- Opening Delimiter -

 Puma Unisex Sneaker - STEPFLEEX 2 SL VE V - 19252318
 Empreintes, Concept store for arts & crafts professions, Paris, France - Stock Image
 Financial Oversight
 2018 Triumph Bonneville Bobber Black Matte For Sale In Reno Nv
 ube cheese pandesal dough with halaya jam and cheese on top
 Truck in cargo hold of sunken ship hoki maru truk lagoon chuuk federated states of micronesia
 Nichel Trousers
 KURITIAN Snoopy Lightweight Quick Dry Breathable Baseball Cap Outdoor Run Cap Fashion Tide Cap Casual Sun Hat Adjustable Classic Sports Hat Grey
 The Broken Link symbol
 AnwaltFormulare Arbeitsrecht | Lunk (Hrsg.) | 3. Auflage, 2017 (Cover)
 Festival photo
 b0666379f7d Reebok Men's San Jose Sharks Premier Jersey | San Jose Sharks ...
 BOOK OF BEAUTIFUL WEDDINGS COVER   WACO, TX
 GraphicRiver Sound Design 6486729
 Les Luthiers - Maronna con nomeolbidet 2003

- Closing Delimiter -

=== Your task ===
The records above must be retyped in full, exactly.

=== Exercise response ===
 Puma Unisex Sneaker - STEPFLEEX 2 SL VE V - 19252318
 Empreintes, Concept store for arts & crafts professions, Paris, France - Stock Image
 Financial Oversight
 2018 Triumph Bonneville Bobber Black Matte For Sale In Reno Nv
 ube cheese pandesal dough with halaya jam and cheese on top
 Truck in cargo hold of sunken ship hoki maru truk lagoon chuuk federated states of micronesia
 Nichel Trousers
 KURITIAN Snoopy Lightweight Quick Dry Breathable Baseball Cap Outdoor Run Cap Fashion Tide Cap Casual Sun Hat Adjustable Classic Sports Hat Grey
 The Broken Link symbol
 AnwaltFormulare Arbeitsrecht | Lunk (Hrsg.) | 3. Auflage, 2017 (Cover)
 Festival photo
 b0666379f7d Reebok Men's San Jose Sharks Premier Jersey | San Jose Sharks ...
 BOOK OF BEAUTIFUL WEDDINGS COVER   WACO, TX
 GraphicRiver Sound Design 6486729
 Les Luthiers - Maronna con nomeolbidet 2003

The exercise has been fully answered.